Множестенность миров
Но в действительности не два мировоззрения, а множество , следовательно, возможны и иные формы проекции мира на плоскость полотна. На иные варианты перспективы указывает Н. Тарабукин. Бытие пространства на картине подчиняется не геометрии, а мировоззрению художника. И обратная перспектива нам особенно дорога именно благодаря ее связи с богословием.
Обобщим: обратная перспектива указывает на абсолютную катафатическую явленность Творца в нашем мире, адрессованную не отдельной личности, а соборному сознанию. Икона устанавливает связь между Божественным Словом и Соборным ухом и оком, проецируясь на структурные особенности жития и жизни христианина. На иконе она соотнесена с присутствием божественных энергий, любви, всеведения и благодати в тварном мире. На иконе время и пространство в равной мере освящены обратной перспективой. Словом, перспектива – часть, изоморфная целому, то есть богословию иконы, и такими же изоморфными целому частями будет иконное время; магистральный сюжет и психология житийного героя и многое другое, о чем нам с Вами вместе еще предстоит сказать.

Список литературы
1. Асоян Ю.А. Теория художественных пространств Николая Тарабукина: 1920-е гг. // Вестник РГГУ. Серия: История. Филология. Культурология. Востоковедение. – 2017. № 9 (30). – С. 82–97.
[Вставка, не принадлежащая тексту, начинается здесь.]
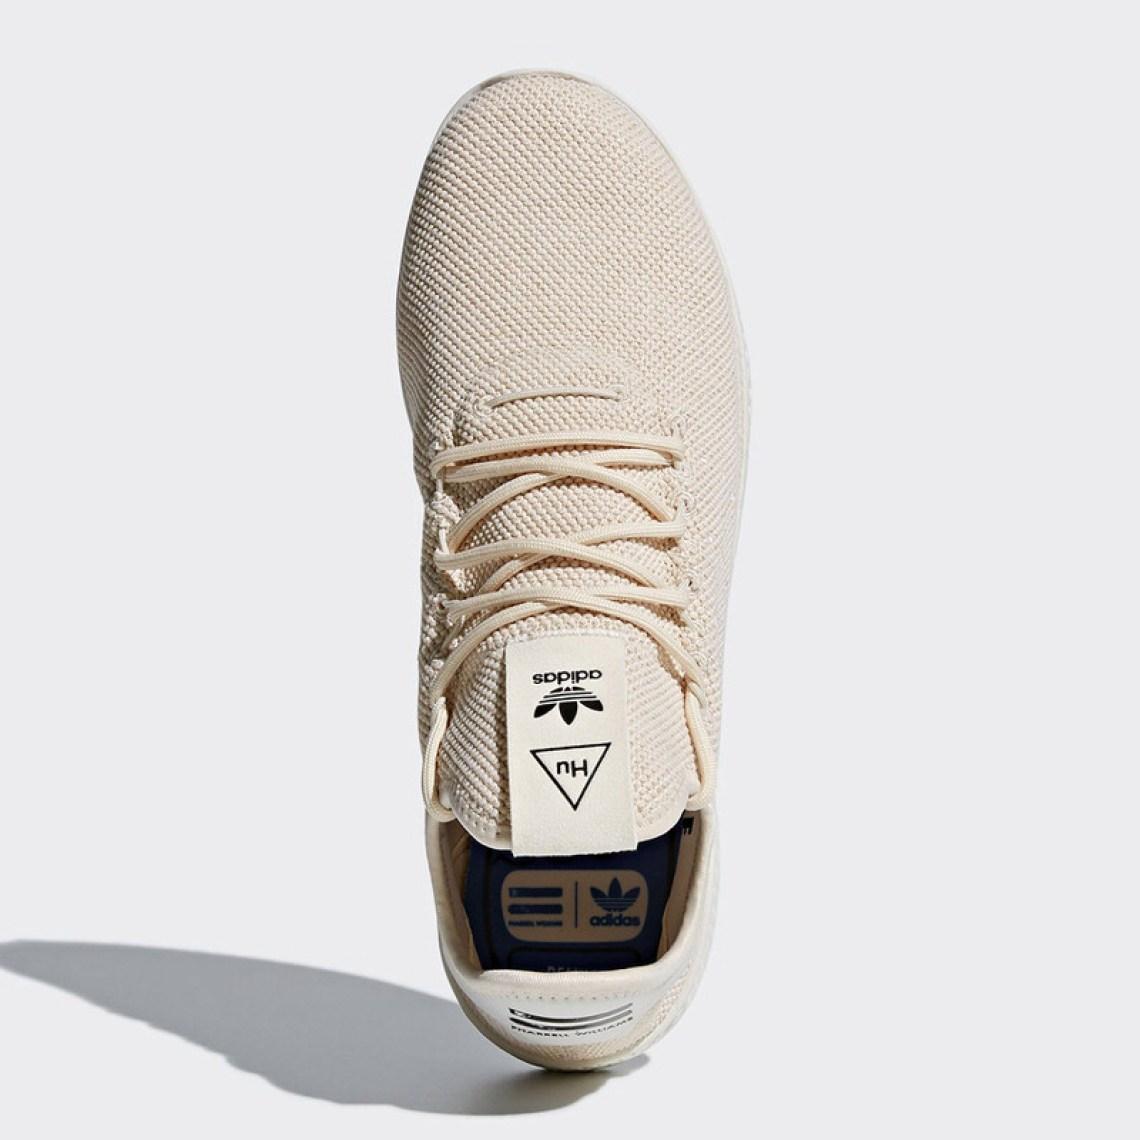 5c8e67883dde Pharrell x adidas Tennis Hu

2. Ващева И.Ю. Евсевий Кесарийский и становление раннесредневекового историзма. – СПб. : Алетейя, 2006. – 272 с.
3. Волошинов Александр Викторович. Математика и искусство. М. : "Просвещение", 1992. 335 с. // Режим доступа: http://mathemlib.ru/books/item/f00/s00/z0000011/st028.shtml (дата обращения: 01.02.2021).
4. Гаспаров И.Г. Sensus Divinitatis и естественное знание о Боге // Труды кафедры богословия Санкт-Петербургской духовной академии : научный журнал [Текст] / И.Г. Гаспаров. – СПб. : Изд-во СПбПДА, 2018. – С. 47–59.
5. Лепахин В. Икона и иконичность. – JATEPress, 2000. – 373 с.
6. Раушенбах Б. В. Системы перспективы в изобразительном искусстве. Общая теория перспективы. – М. : Наука, 1986. – 256 с.
7. Тарабукин Н. Проблема пространства в живописи / Подгот. текста и коммент. А.Г. Дунаева // Вопросы искусствознания, 1993. № 1–4; 1994. № 1
8. Тарасов О. Флоренский и обратная перспектива. Из истории термина // Искусствознание, 2019. № 4. С. 26–57.
9. Флоренский П. Обратная перспектива // Священник Павел Флоренский. Сочинения в четырех томах. Т. 3 (1). – М.: Мысль, 2000. – С. 46–103.